I am honoured to present Nischal Murthy Kaushik who blogs at Nischala’s Space, Thoughts and Expressions & VERVE : The Quintessence of my Life. I used to read her posts on Parentous which made me connect with her easily…motherhood connection you know! Later on, I got to know more of her through our common connection Write TribeAnd thus the friendship continues. I asked Nischala for her profile and the one she sent me was just something I had to share as it is.

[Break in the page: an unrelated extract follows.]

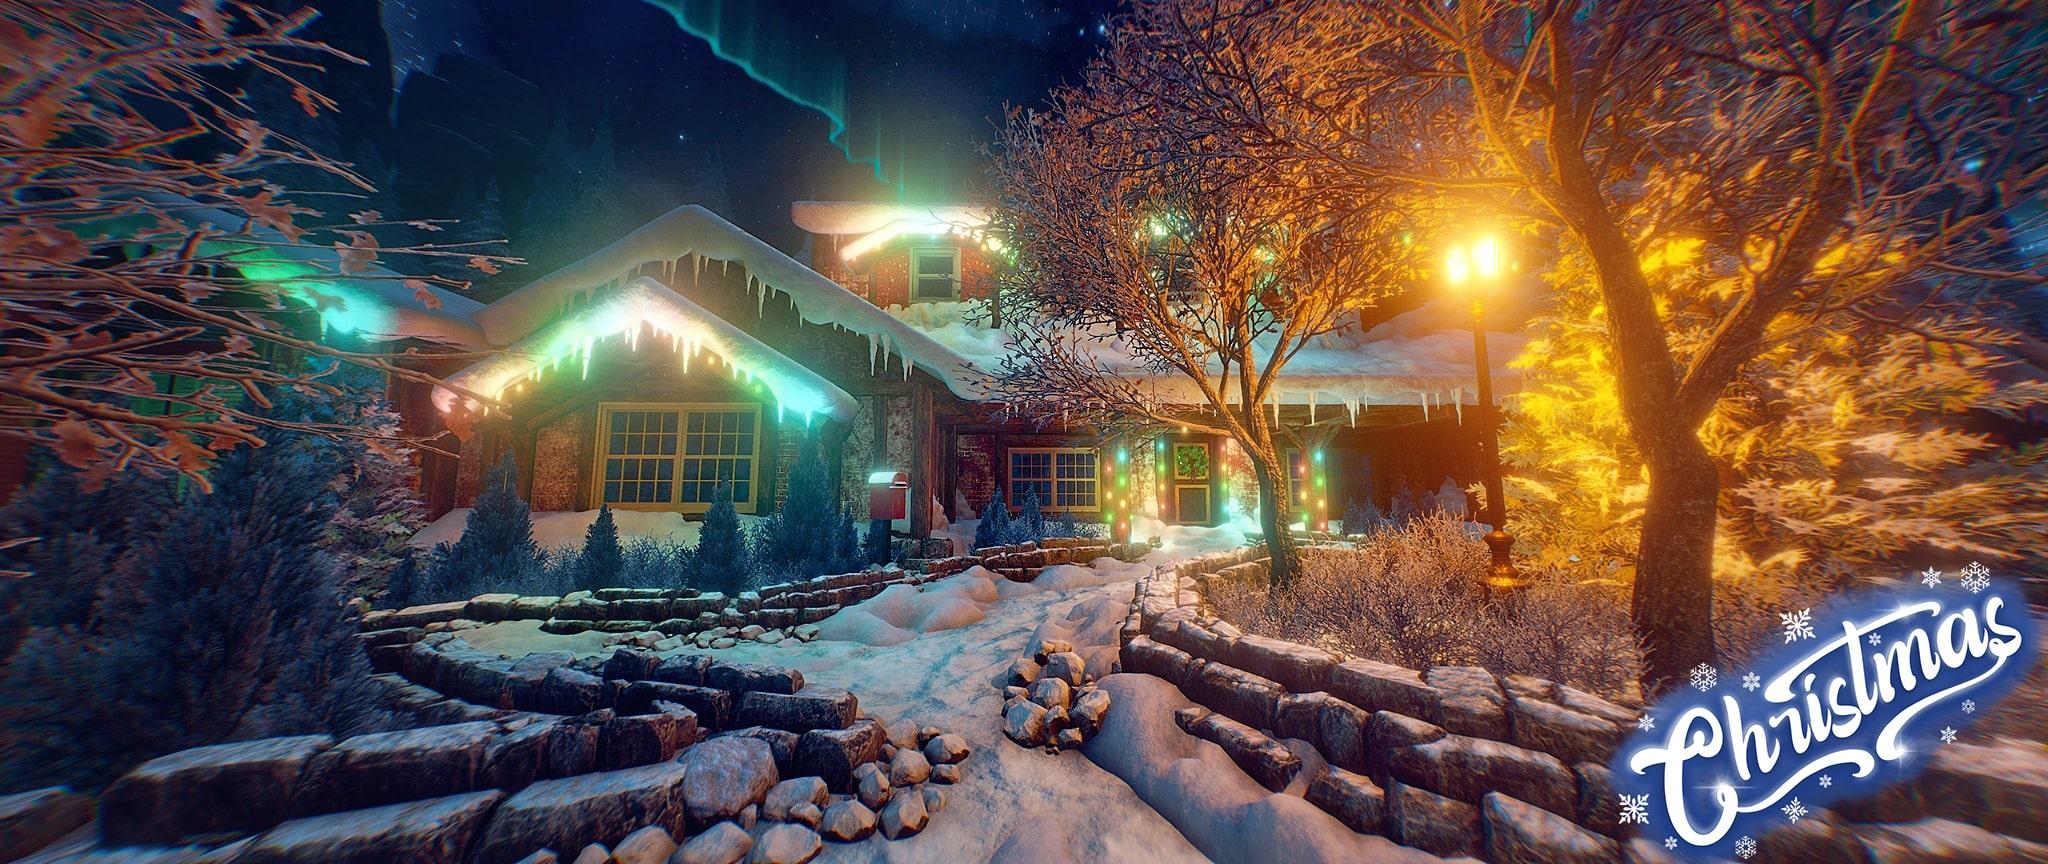 Christmas 3 1
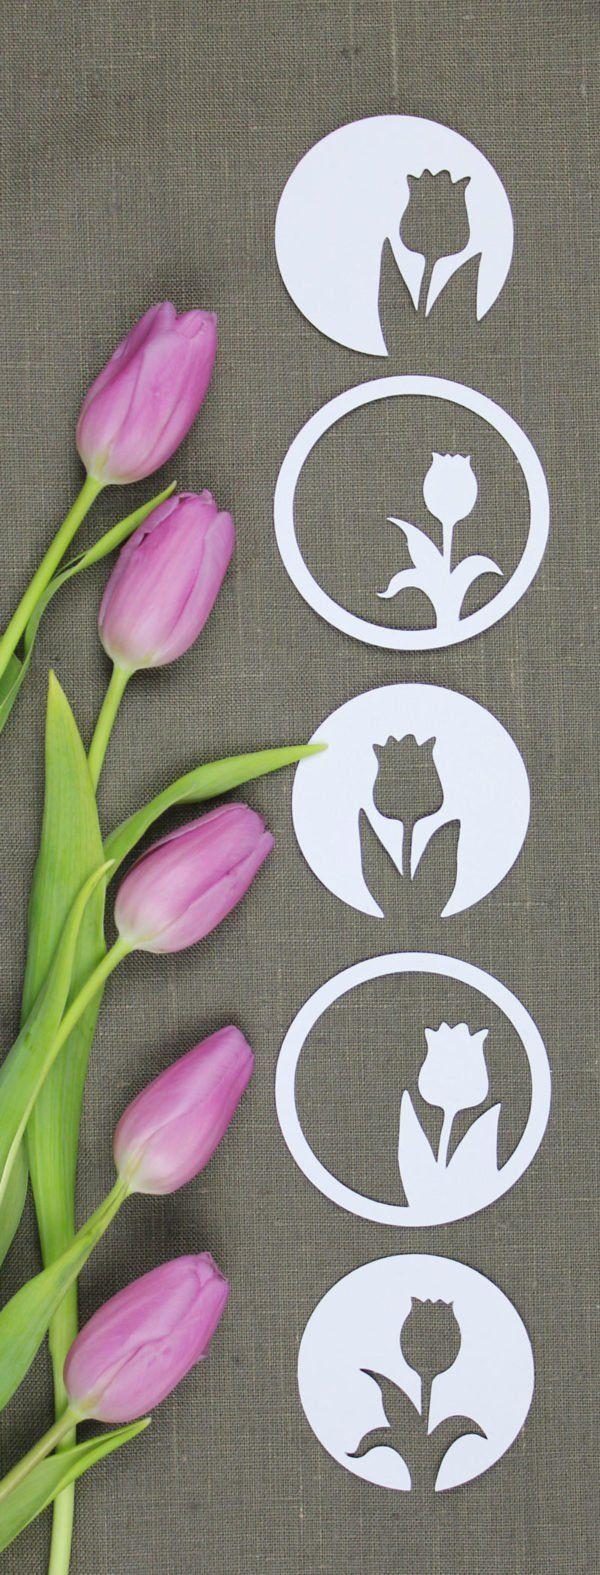 Erstaunlich 🌷🌷🌷 Tulpenzeit 🌷🌷🌷 [mit Vorlage | Basteln Mit Papier | Pinterest |  Die Tulpe, Schneeglöckchen Und Tulpe

It’s that perfect. 🙂 You’ll understand it once you go through her post. 🙂

So here’s Nischala for you…

Engineer and Management Graduate (IIMB Alumni) by Education | IT / Innovation / Marketing Specialist by Profession | Daughter / Sister / Mother by “Divine Grace” | Wife by ruling of the Heart | Philosopher by Circumstance (after I became a mother – essential for BALANCE) | Google / Blog / Twitter / Social Media Lover by Era | Writer by Passion | Dreamer by Compulsion | Student of Life by Choice | Eternal Optimist by Necessity | Chief Happiness Officer of my LIFE by Realization | Blogger at Nischala’s Space, Thoughts and Expressions & VERVE : The Quintessence of my Life | On Twitter @nimu9

Thank you so much Nischala for such a beautiful post! As shared with you I have my own experiences to relate to it. 🙂

Now without taking much of your time, let’s get into Nischala’s guest post for Dew Drops.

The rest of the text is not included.